Ginzburg was denounced as a homophobe for her claims during a 2008 parliamentary debate that homosexuals "have a disability for having children" and are "a capricious minority", but the National Institute Against Discrimination, Xenophobia and Racism (INADI) did not consider this complaint valid. As a member of the "Federal Proposal" coalition in the lower house, she belonged to a bloc that voted against civil unions, a law passed in December 2002 that legalized "the union freely formed by two people regardless of their sex."

She expressed her opposition to the Audiovisual Communication Services Law in 2009.

She also opposed a compulsory DNA extraction project to establish the identities of children of disappeared persons, arguing that it would violate the Pact of San José, the 5th article of which argues that everyone has the right to have their physical, mental, and moral integrity respected. In article 11, point 1, it expresses that every person has a right to the recognition of their dignity, and in point 2, that no one can be subjected to abusive interference in their private life or in their home.

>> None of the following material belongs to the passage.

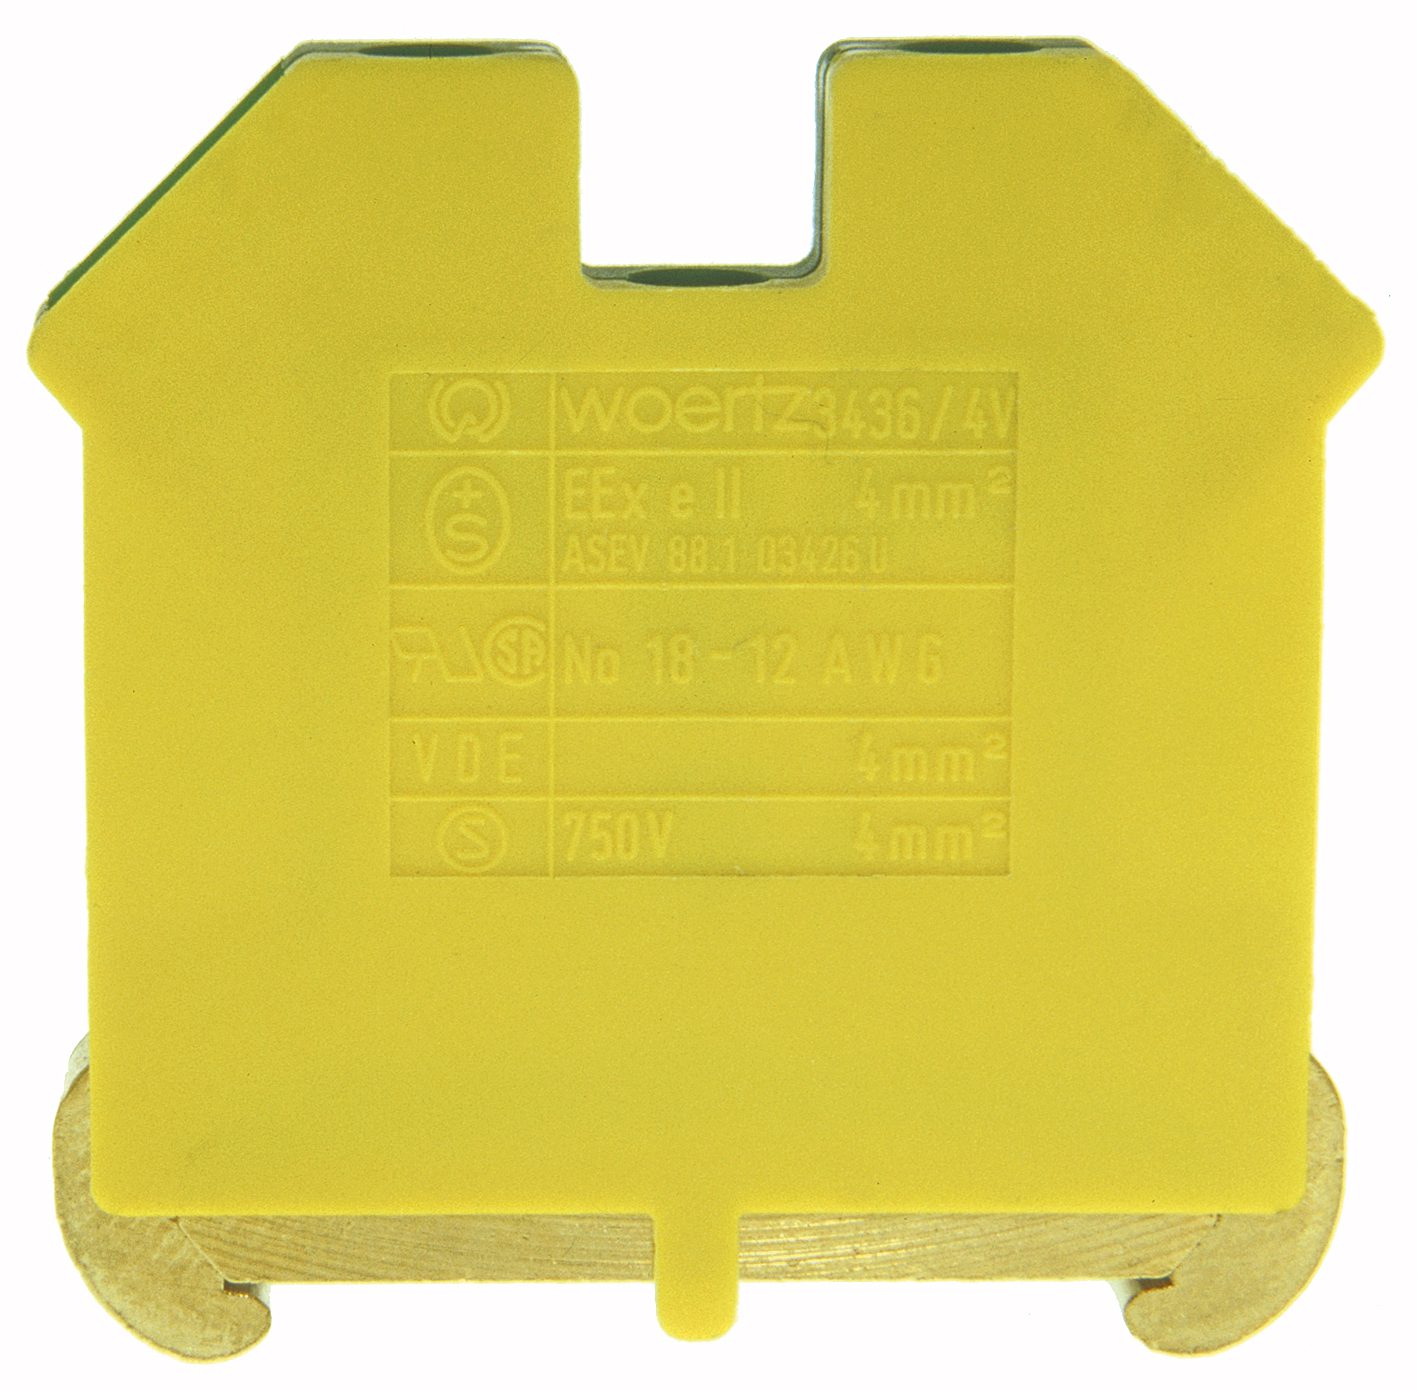 Schutzleiterklemme DIN35 4mm² grün/gelb
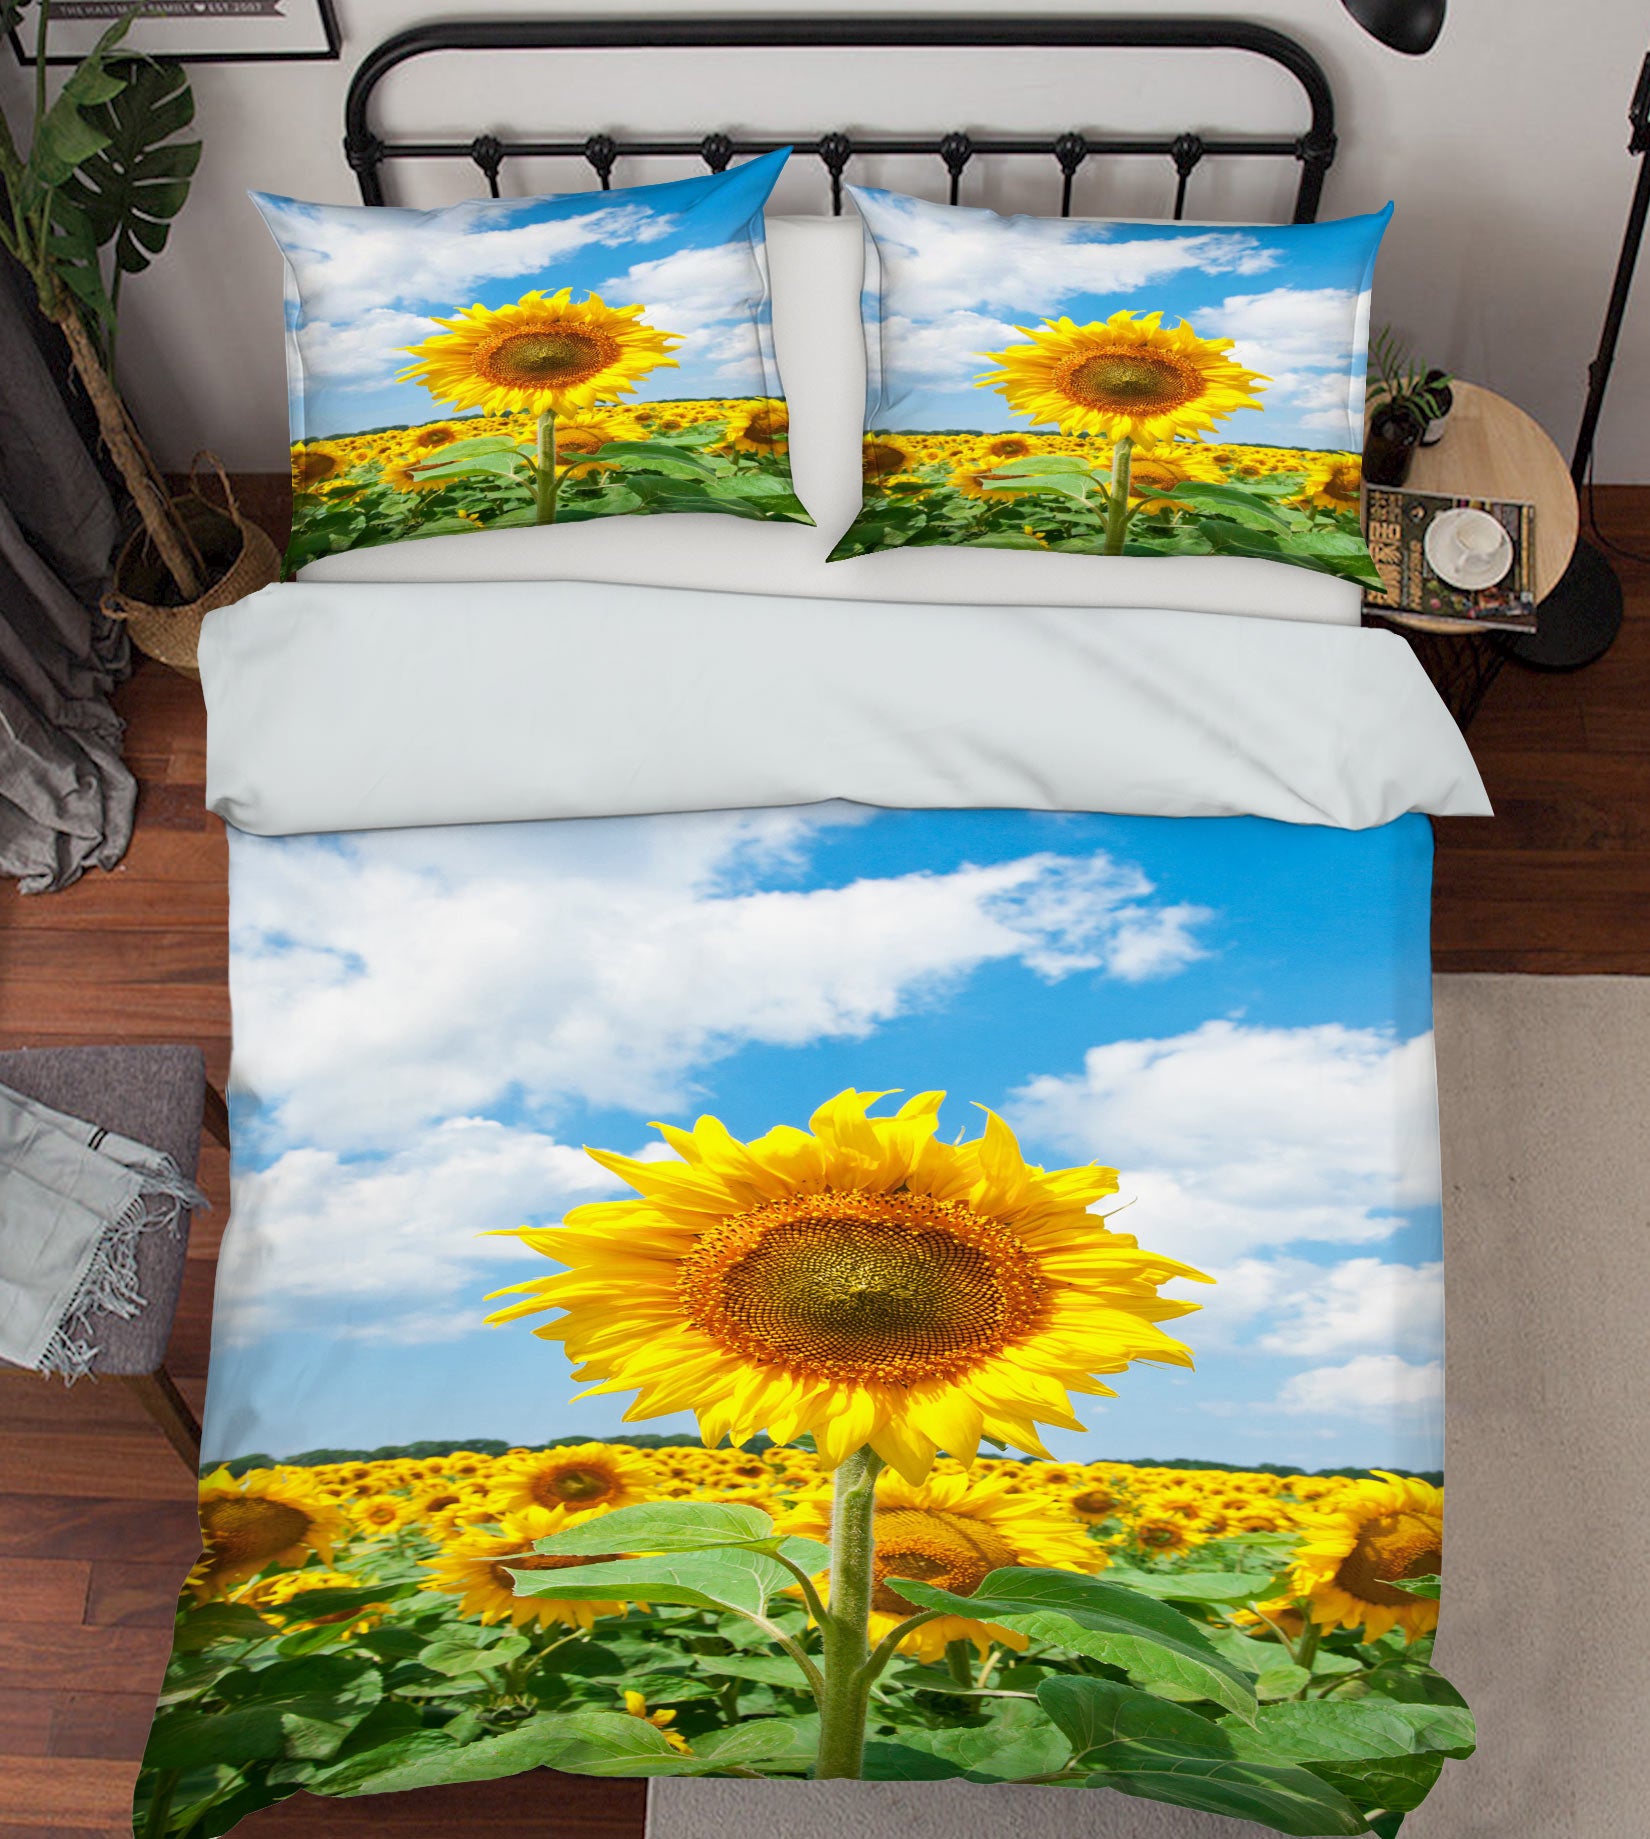 3D Sunflower 67155 Bed Pillowcases Quilt

Before the project was approved, while articulating her position on these premises in November 2009, Ginzburg was interrupted from the visitor's gallery by human rights activists, including the president of the Grandmothers of the Plaza de Mayo, Estela de Carlotto, who shouted demands that she be quiet. She responded that "...this is fascism. Victims have no more rights just because they are victims."